Once the images are removed, set down everything else in the listing below exactly.

■ Recorded information ■

------------------------

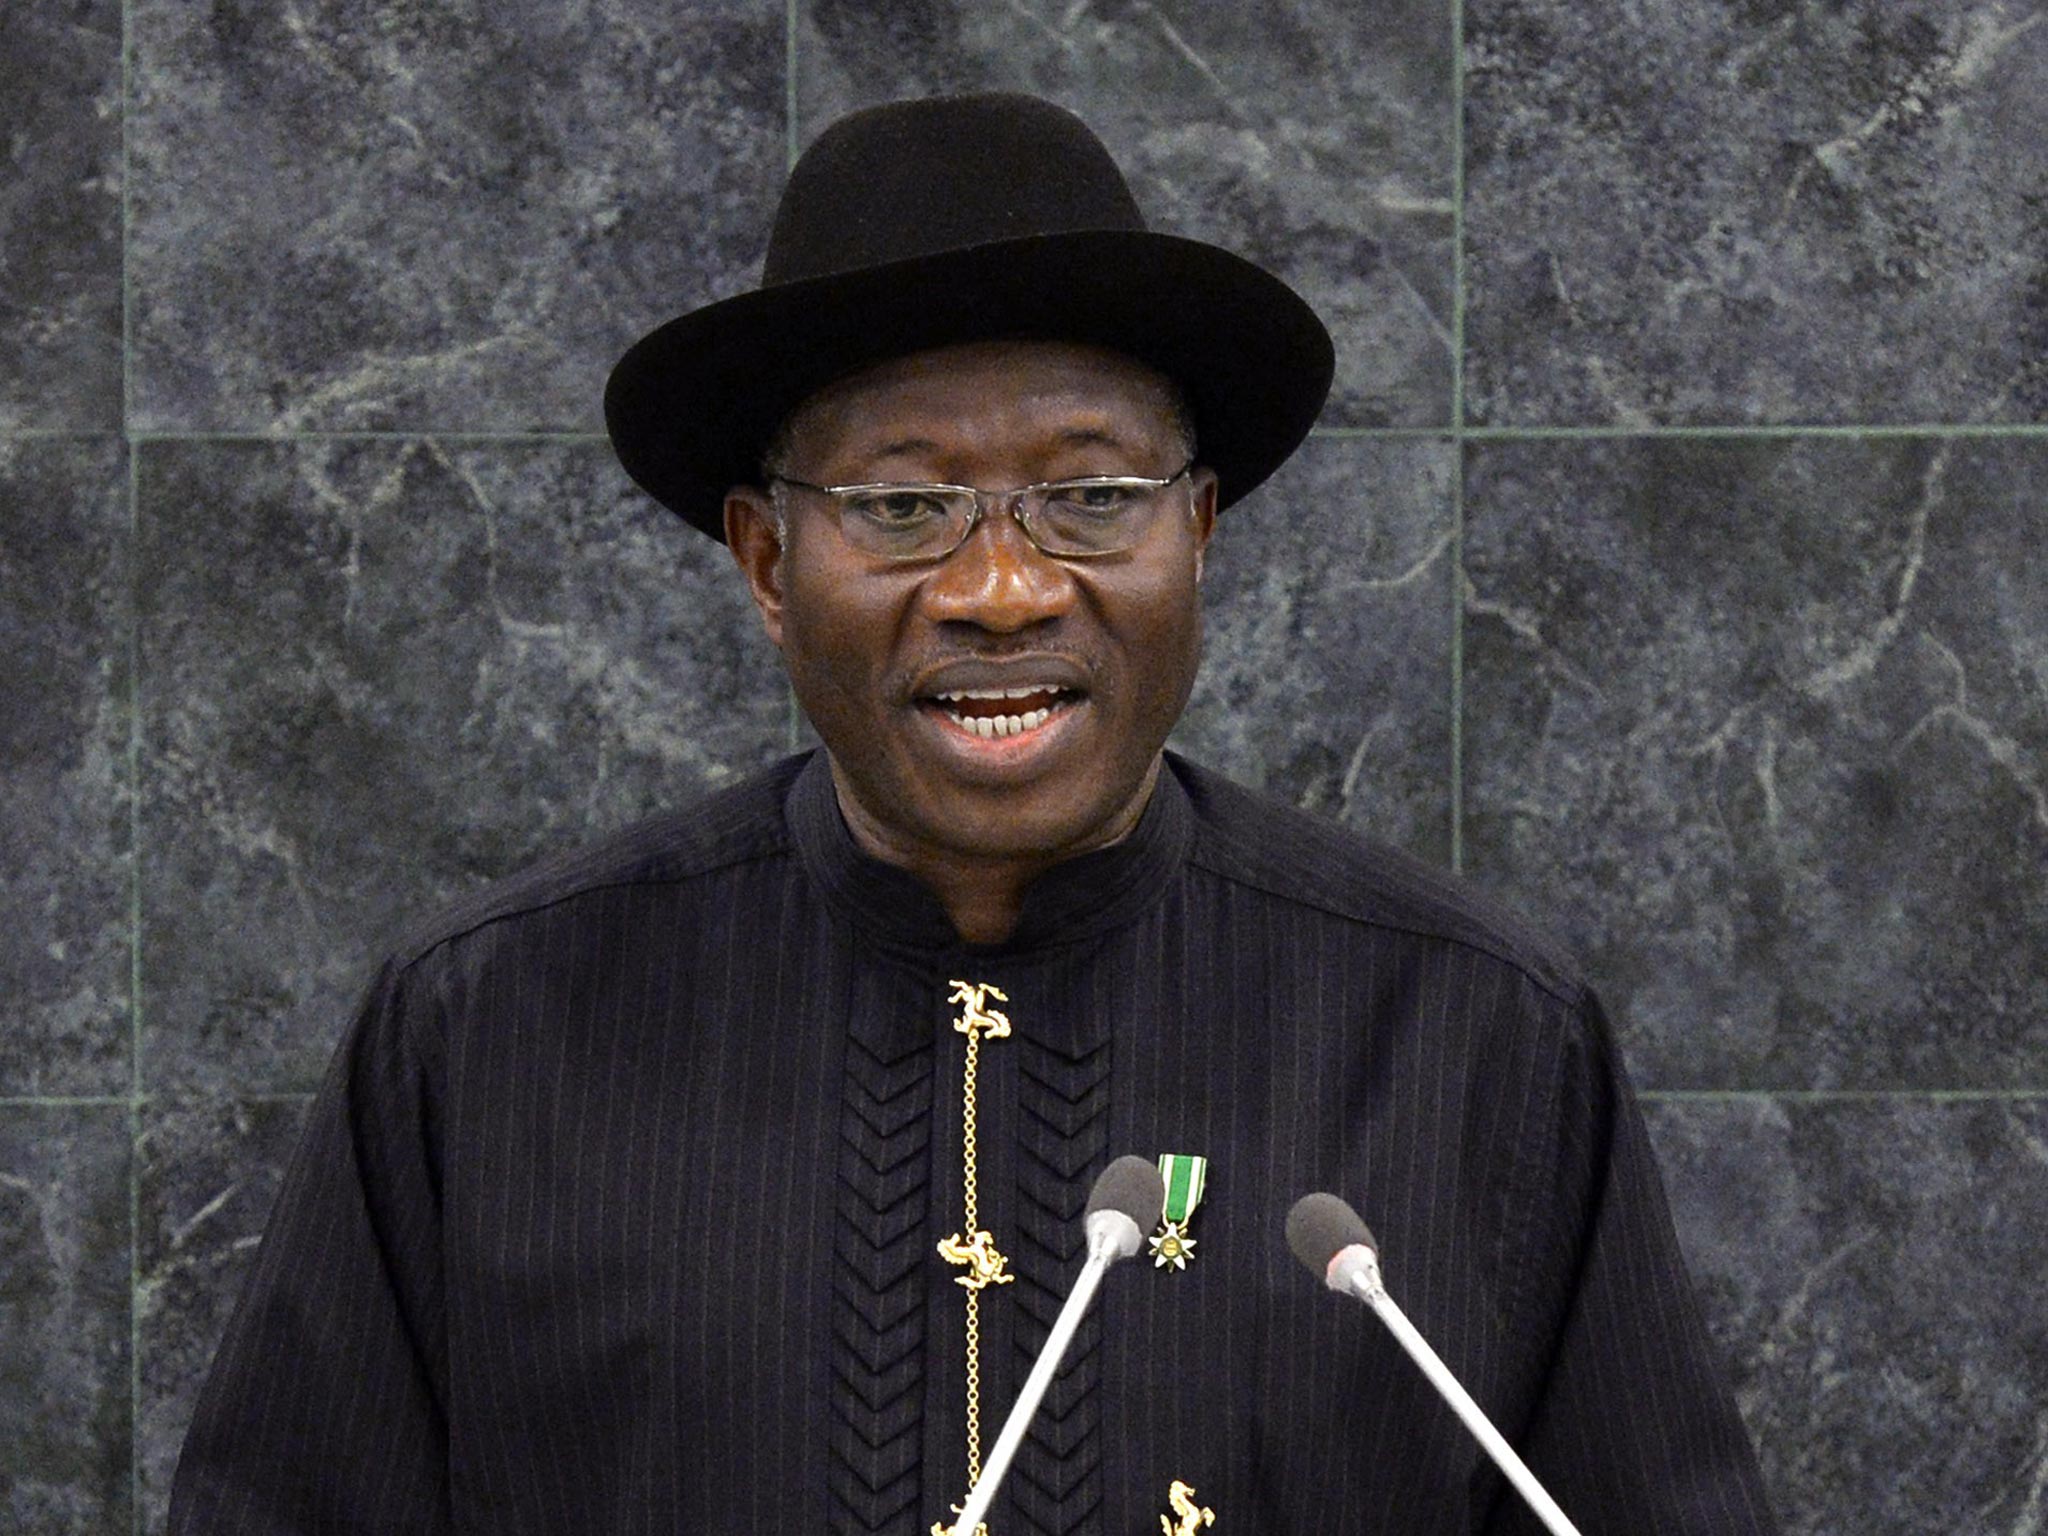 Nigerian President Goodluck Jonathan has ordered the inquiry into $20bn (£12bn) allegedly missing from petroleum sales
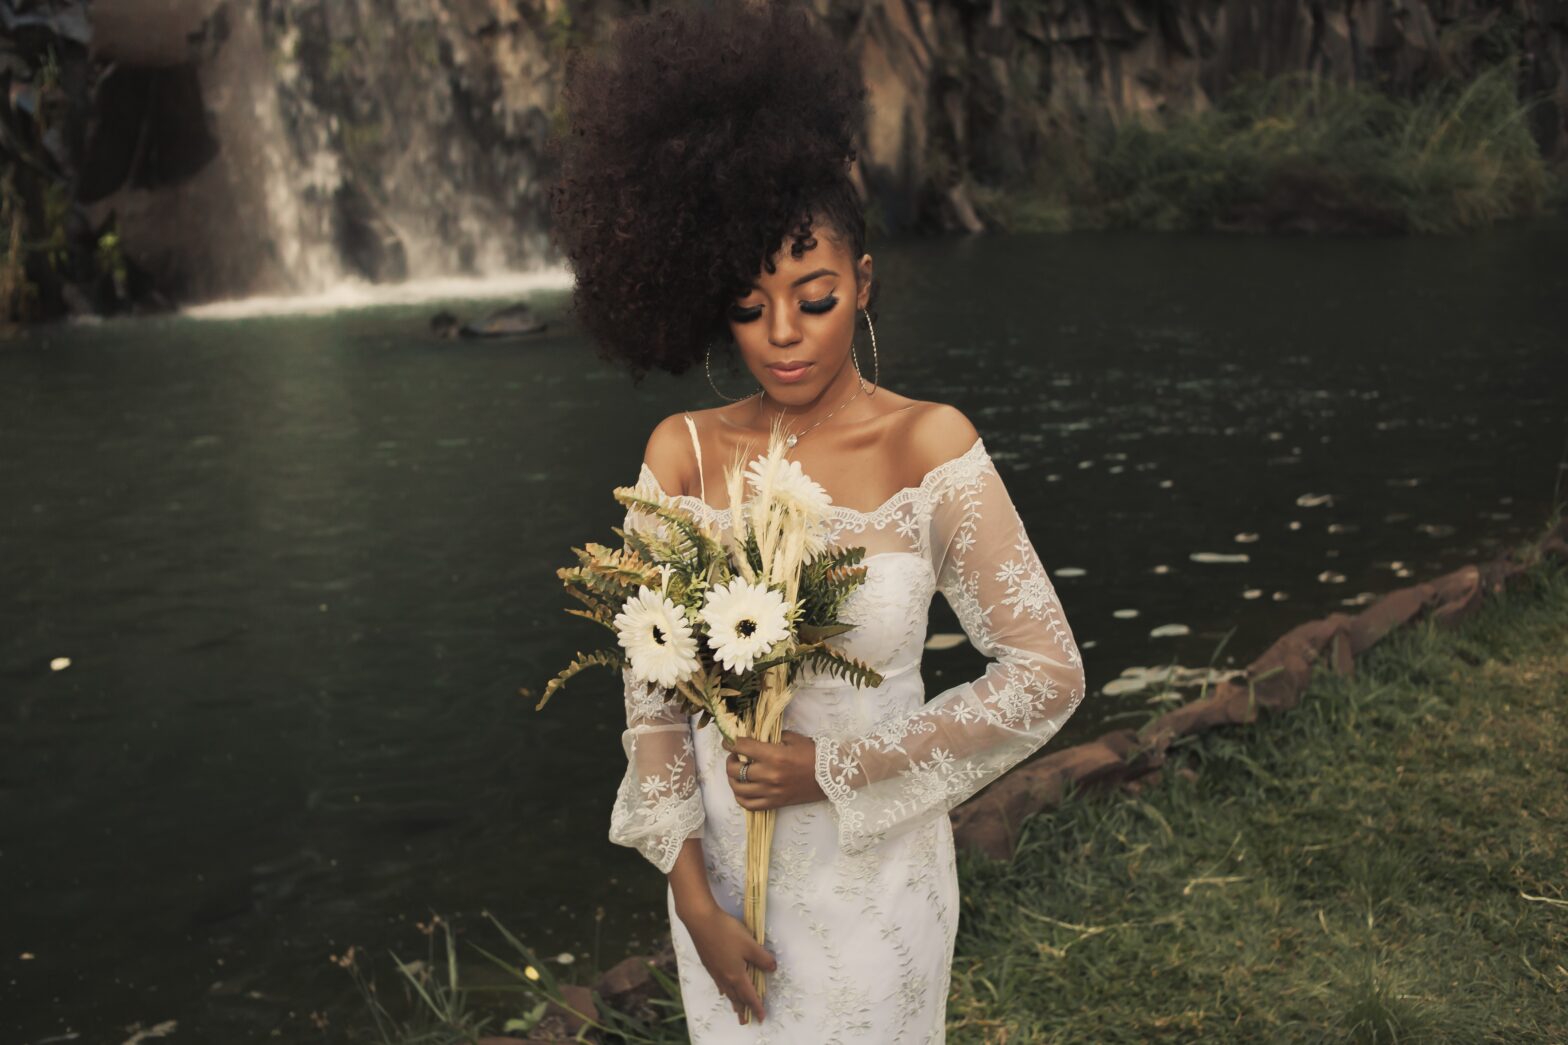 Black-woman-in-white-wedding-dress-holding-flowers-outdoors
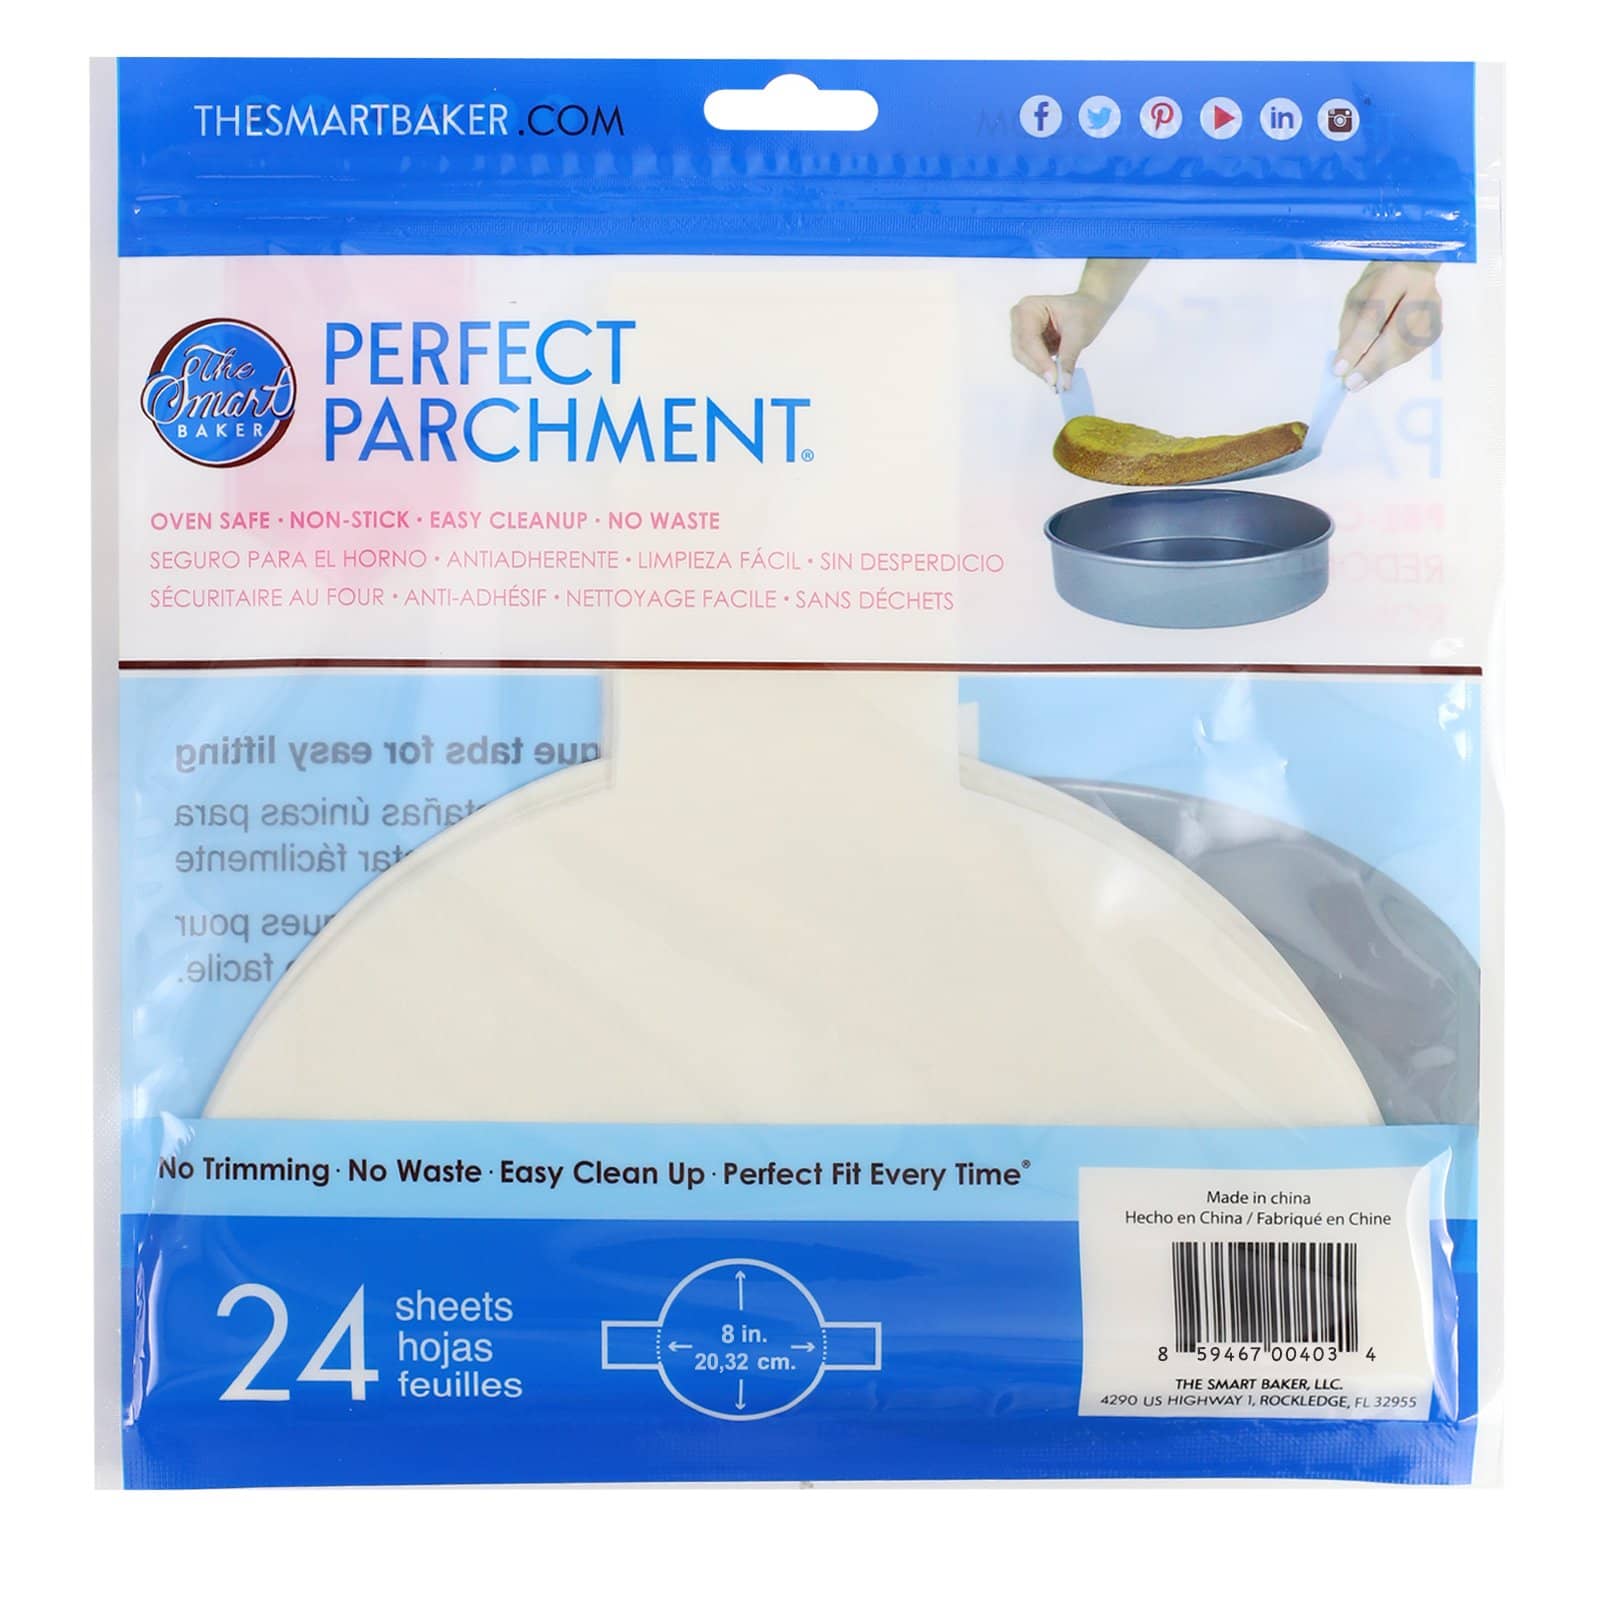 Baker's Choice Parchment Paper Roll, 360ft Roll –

------------------------

■ Solution to this problem ■
 Nigerian President Goodluck Jonathan has ordered the inquiry into $20bn (£12bn) allegedly missing from petroleum sales
 Black-woman-in-white-wedding-dress-holding-flowers-outdoors
 Baker's Choice Parchment Paper Roll, 360ft Roll –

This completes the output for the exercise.